Applying Fusion to ZK: Nearly 2× Performance Improvement Over ICICLE

As introduced in TensorFlow XLA: The Fusion Compiler for TensorFlow, one of XLA's most important optimizations is Fusion. This article will briefly discuss what Fusion is, why it's crucial, and the actual performance benefits of applying it in the context of ZK.

What is Fusion?

Loop Fusion, for example, means combining loops like the following:

for (int i = 0; i < n; i++) {
  c[i] = a[i] + b[i];
}

for (int i = 0; i < n; i++) {
  d[i] = c[i] * a[i];
}

Into a single, fused loop:

for (int i = 0; i < n; i++) {
  c[i] = (a[i] + b[i]) * a[i];
}

In compilers like ZKX, operations like element-wise operations are primary candidates for fusion.

For example, consider the following HLO-like operations:

ENTRY %main {
  %x = parameter(0)
  %y = parameter(1)

  %0 = babybear[n] add(%x, %y)
  ROOT %1 = babybear[n] multiply(%0, %a)
}

Through fusion, these operations are combined into a single one, as shown below:

%f {
  %x = parameter(0)
  %y = parameter(1)

  %0 = babybear[n] add(%x, %y)
  ROOT %1 = babybear[n] multiply(%0, %a)
}

ENTRY %main {
  %x = parameter(0)
  %y = parameter(1)

  %0 = babybear[n] fusion(%x, %y), kind=kLoop, calls=%f
}

So, let's explore why combining operations is so important.

Why Fusion is Important?

The problem we are tackling is memory-bound, so we must exploit the memory hierarchy to optimize memory transfers.

GPU Memory Hierarchy

You can think of GPU data movement in three tiers. The lower you go, the faster and smaller it gets:

Host ↔ Device transfers: PCIe/NVLink, etc. The most expensive (high latency, limited bandwidth).
Device Global Memory accesses: high bandwidth but off-chip, so latency is still large.
On-chip resources: L2/L1, Shared Memory, registers. Fastest.

The key principle: minimize round-trips in (1) and (2) and stay in (3) as long as possible.

When do Host ↔ Device transfers happen?

Whenever we copy data from the host to the GPU (e.g., using cudaMemcpy or Unified Memory migration) — or in the reverse direction — we incur expensive host-device transfers.

When do Global Memory accesses happen?

To share data across kernel boundaries, intermediates must be written to Global Memory and then read back by the next kernel. This quickly accumulates cost.

Once a kernel is launched, computation is distributed over Grid / Block / Thread. Within a kernel, Shared Memory and Caches handle local sharing.

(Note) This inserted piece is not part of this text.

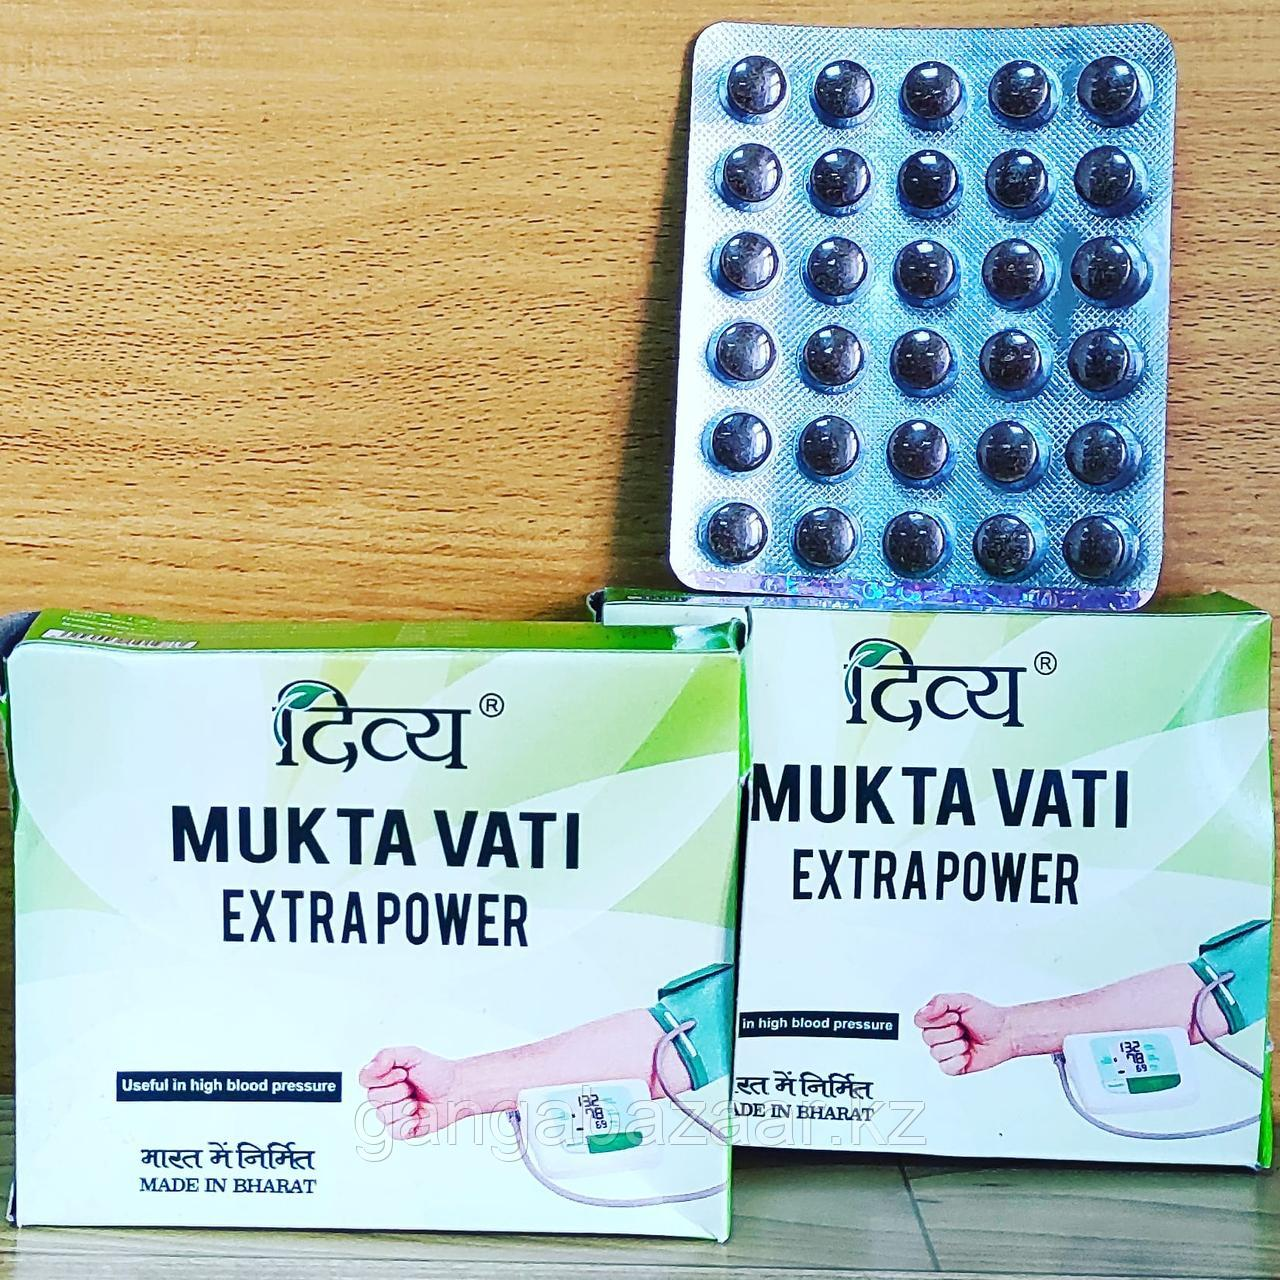 Мукта Вати Дивья (MUKTA VATI Divya Pharmavy) - экстра сила при гипертонии, 120 таб
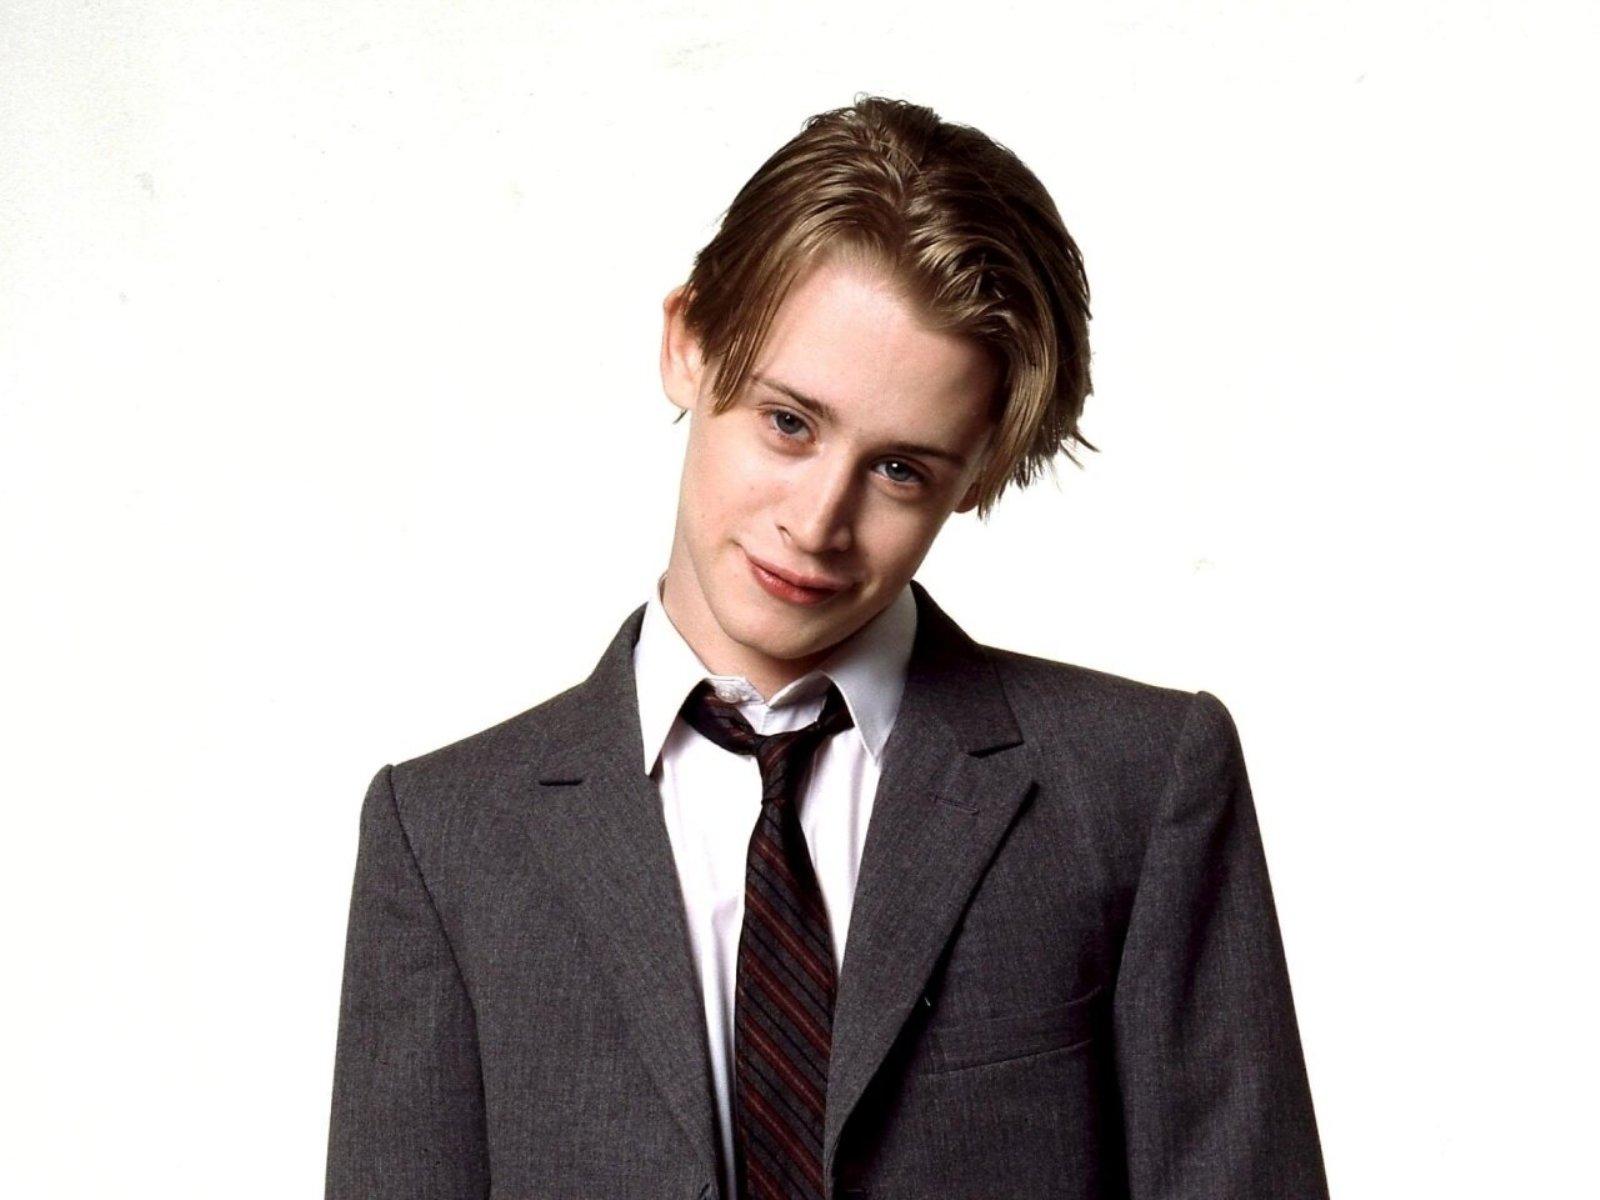 Actor Macaulay Culkin - age: 2

But if temporal or spatial locality is broken, Global round-trips become costly.

Revisiting Our Example

for (int i = 0; i < n; i++) {
  c[i] = a[i] + b[i];
}

for (int i = 0; i < n; i++) {
  d[i] = c[i] * a[i];
}

Let's assume each loop is launched as a separate GPU kernel. Then two problems arise:

Two separate kernel launches are required.
The intermediate array c must be written to Global Memory so that the next kernel can read it back to compute d.

Now, let's look at the fused version again:

for (int i = 0; i < n; i++) {
  c[i] = (a[i] + b[i]) * a[i];
}

If we apply fusion, both of the problems above are solved. This is a critical optimization because this computational pattern (a sequence of element-wise operations) is extremely common in ZK, particularly in procedures like Sumcheck and Quotienting.

Benchmark Results

This principle seems simple, but it often breaks down when using frameworks like ICICLE for GPU programming. This is because each vector operation (vecop) is typically a separate kernel call, as seen in their API documentation.

We ran a benchmark for the operation $x^2 - x$ (where $x \in \mathbb{F}^{2^k}$ ) on an RTX 5090:

k	ZKX (ms)	ICICLE (ms)	ICICLE / ZKX
20	10.86	17.11	1.57×
21	21.40	35.33	1.65×
22	41.49	71.90	1.73×
23	81.81	143.85	1.76×
24	160.61	288.03	1.79×
25	320.26	582.06	1.82×

The results showed a 1.5-2× performance improvement between the fused (ZKX) and unfused (ICICLE) versions.

Performance Analysis

As the problem size grows (increasing $k$ ), the performance gap widens:

At $k=20$ (1M elements): 1.57× speedup
At $k=25$ (32M elements): 1.82× speedup

This trend demonstrates that fusion becomes more critical as problem sizes increase, which is exactly the regime where ZK proving operates.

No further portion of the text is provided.